The invention relates to a neurological disorder diagnosis system based on a state transition dynamic brain network algorithm, and belongs to the technical field of medical diagnosis.

Background

Functional magnetic resonance imaging (fMRI) techniques utilize magnetic resonance imaging to measure hemodynamic changes induced by neuronal activity. With the mature development of neuroimaging technology, the use of fMRI technology for diagnosis and adjuvant therapy of cranial nerve diseases has become a professionally approved therapeutic method.

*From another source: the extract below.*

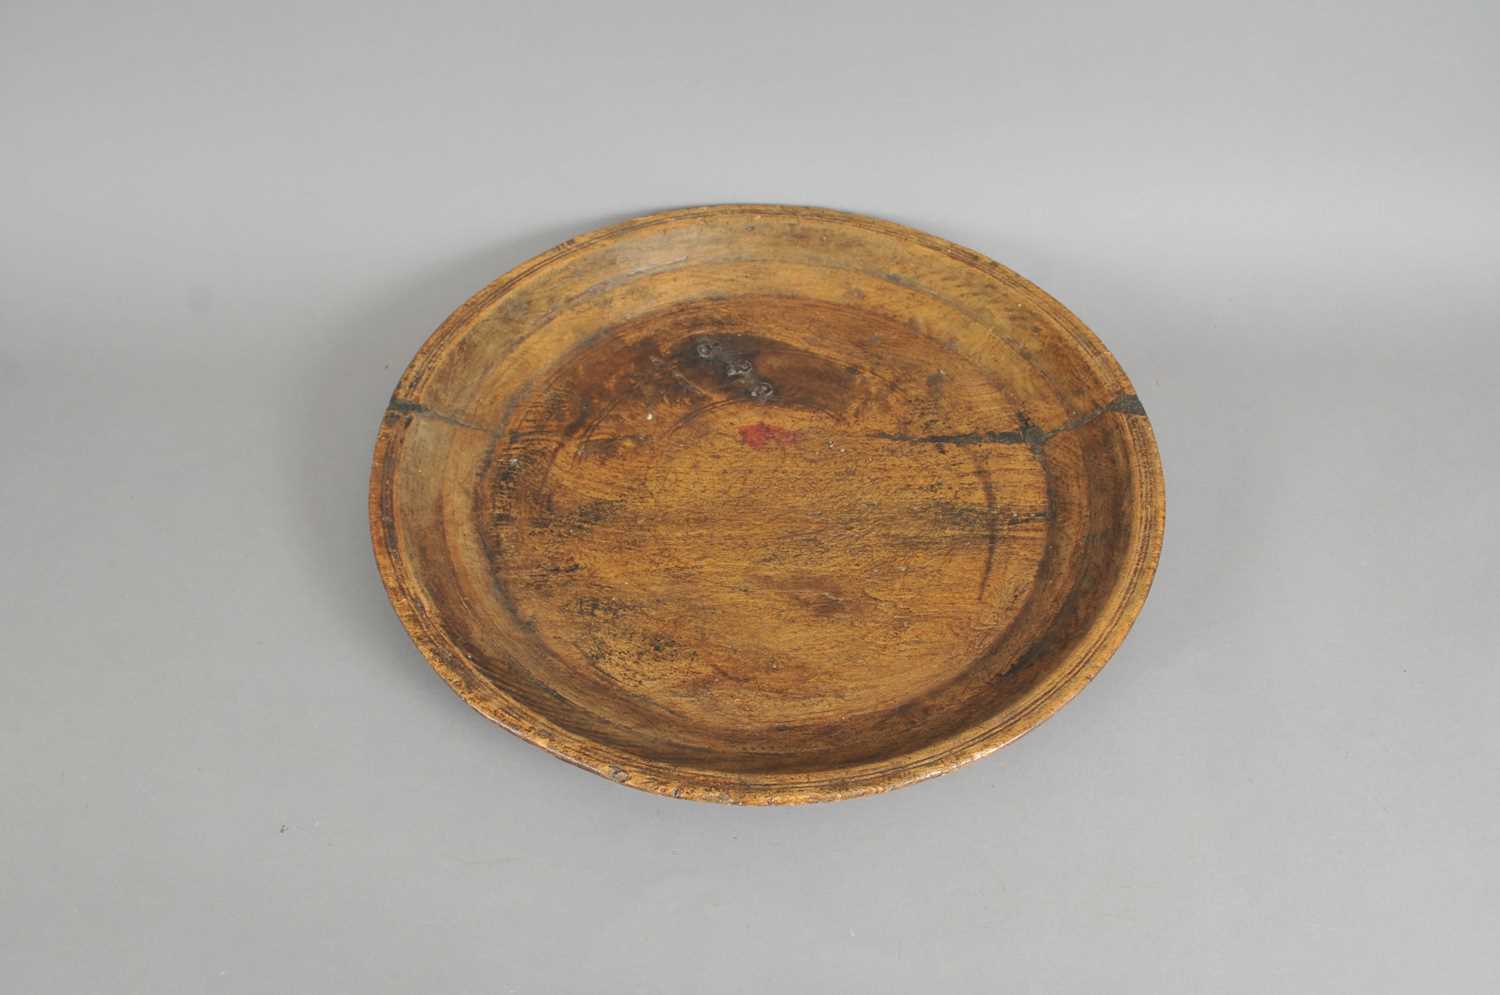 A large 18th century rustic farmhouse hewn shallow bowl / charger

In recent years, brain function networks have been used in the detection of various types of neurological and brain diseases. For Attention Deficit and Hyperactivity Disorder (ADHD), alzheimer's disease and other neurological disorders, graph-theory-based brain function network analysis has become a hot spot. The brain function network can convert a complex brain into a brain network composed of nodes and edges in an abstract mode, and auxiliary diagnosis is provided for treatment of neurological disorder diseases by calculating related indexes of the brain network.

In brain function network research, the connections between brain regions are called functional connections, and the strength value of connectivity can reflect the change of the brain network strength. For the brain function network, the overall and local characteristics of the brain network can be measured through various network indexes in the graph theory, such as degree distribution, betweenness, average shortest path and the like. At present, in brain function networks, the research on dynamic brain function networks is mostly to divide a fixed equivalent time window into whole time periods and then to perform network index analysis in sequence. The method can divide the brain network in the experimental process into the dynamic networks with equal time intervals, but ignores that the transition of the brain network among various modes is possibly nonlinear, and the division of equal-length time windows can cause the splitting of dynamic information, cause the loss of important brain connection information and have certain influence on the diagnosis result.

Disclosure of Invention

The invention aims to provide a neurological disorder diagnosis system based on a state transition dynamic brain network algorithm, which divides a full-time brain network into various dynamic time-interval sub-networks and can dynamically and accurately reflect the abnormal conditions of a brain functional area of a patient, thereby providing an idea for information technology diagnosis of neurological disorder diseases.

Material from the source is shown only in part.